The uniform woodcreeper is year-round resident throughout its range.

===Feeding===

The uniform woodcreeper's diet is mostly arthropods and also includes small vertebrates such as frogs. It often joins mixed-species foraging flocks to feed from the forest's mid-level to the subcanopy. There it gleans prey from trunks and branches.

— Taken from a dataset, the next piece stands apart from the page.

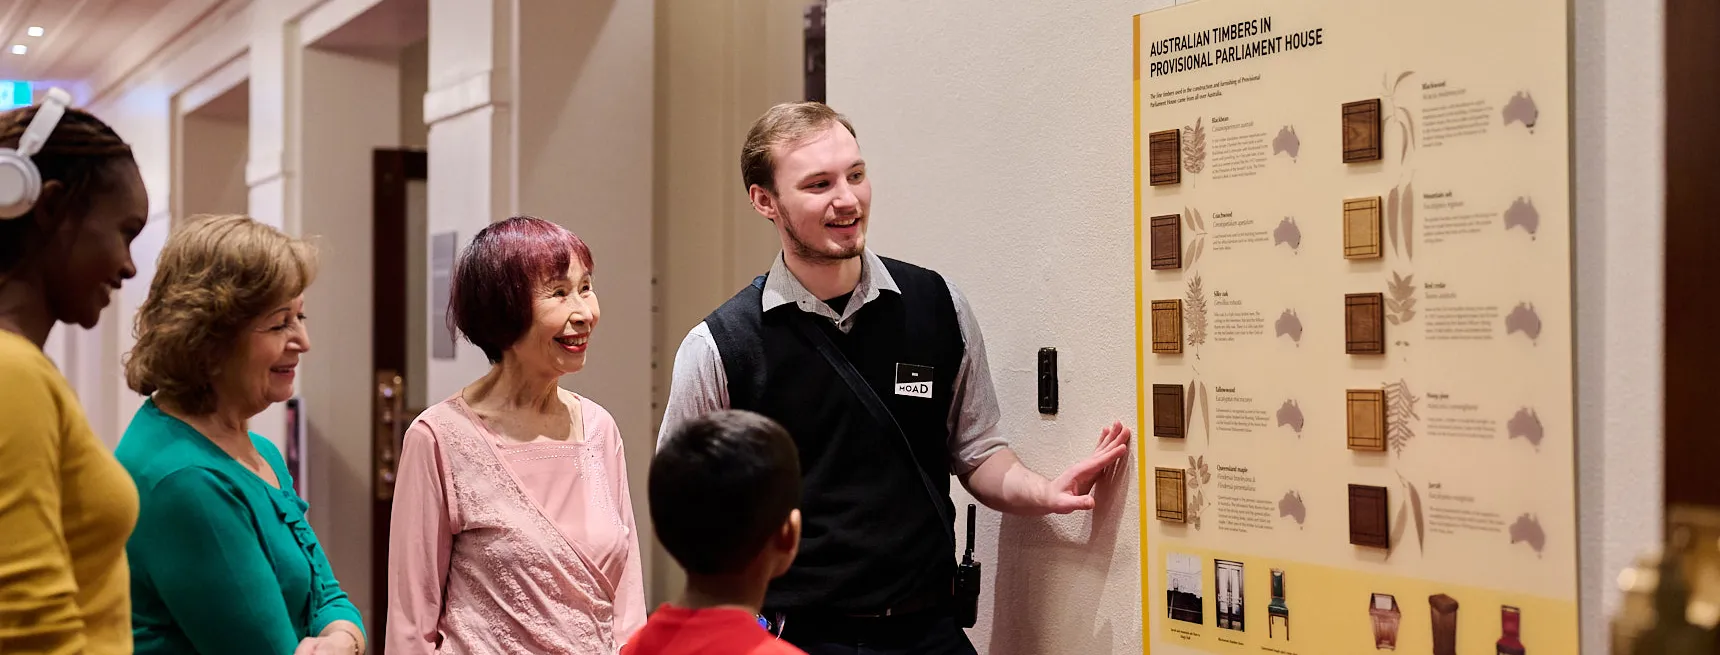 A Museum staff member and a group of people in brightly coloured tops stand in a hallway with red carpet looking at a board displaying Australian timbers used in Old Parliament House.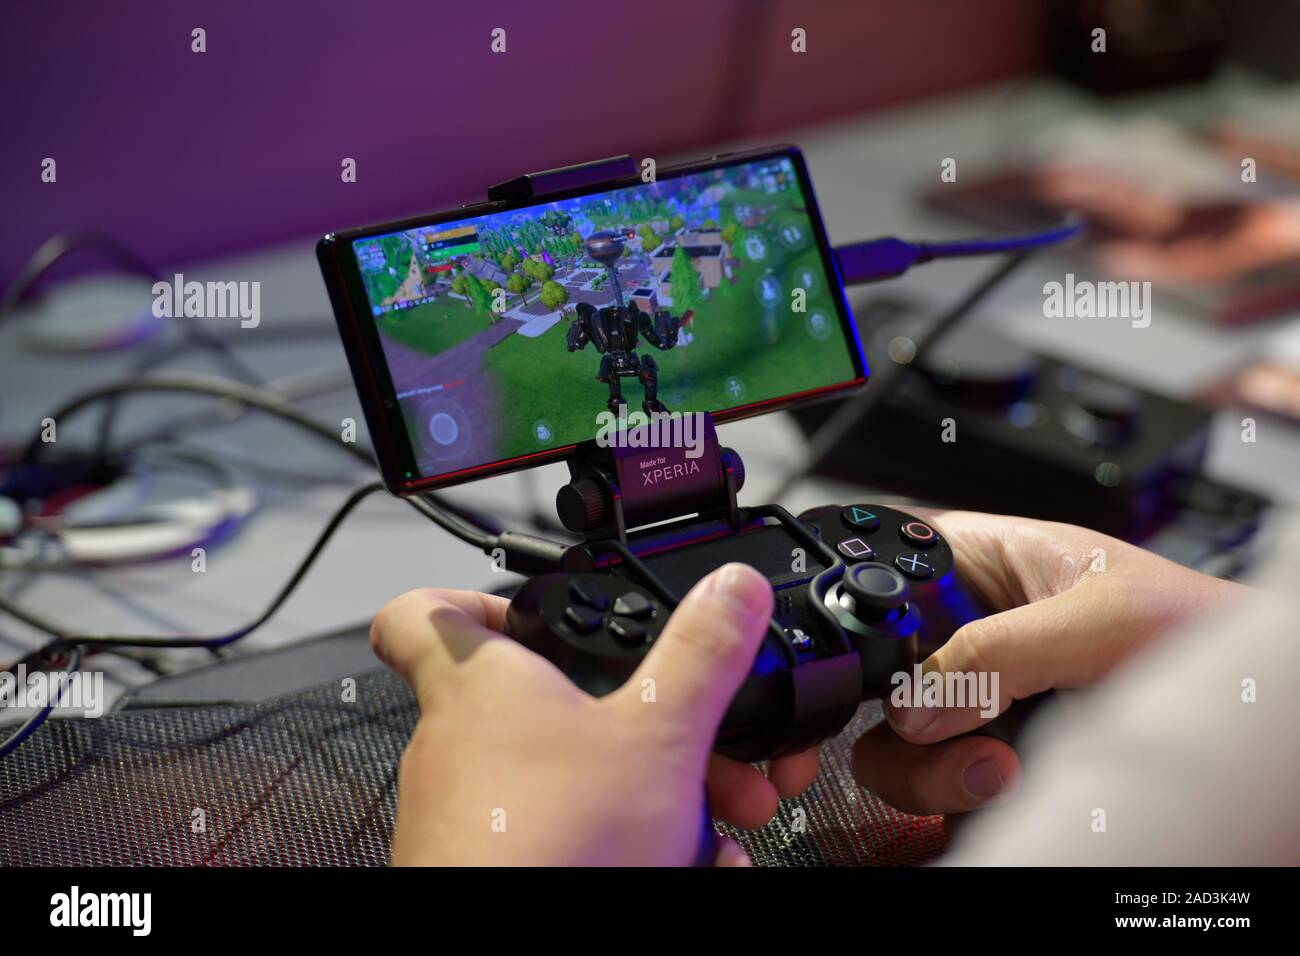 Sony Ps 4 High Resolution Stock Photography and Images - Alamy

It also follows army ant swarms, where it forages by sallying to the ground from a low perch to capture prey disturbed by the ants.

===Breeding===

Little is known about the uniform woodcreeper's breeding biology. Its breeding season appears to include at least June to January. The few known nests were in cavities near the top of large stumps.

===Vocalization===

The uniform woodcreeper sings mostly at dawn but sometimes during the day. The nominate subspecies' song is a "loud series of about 6 'Weeah weeah - - weeh' notes", and that of H. u. brigidai is similar. The species' calls include "screee-wip, "nnyeah", "nyip, nyeek, nyeek, weeweweweip", "cag notes", and "whinh, whaih, whaih".

==Status==

The IUCN follows HBW taxonomy and so has not assessed the uniform woodcreeper separately from the red-billed woodcreeper. It is thought to be uncommon to rare across its range and "[a]ppears to be highly sensitive to habitat modification".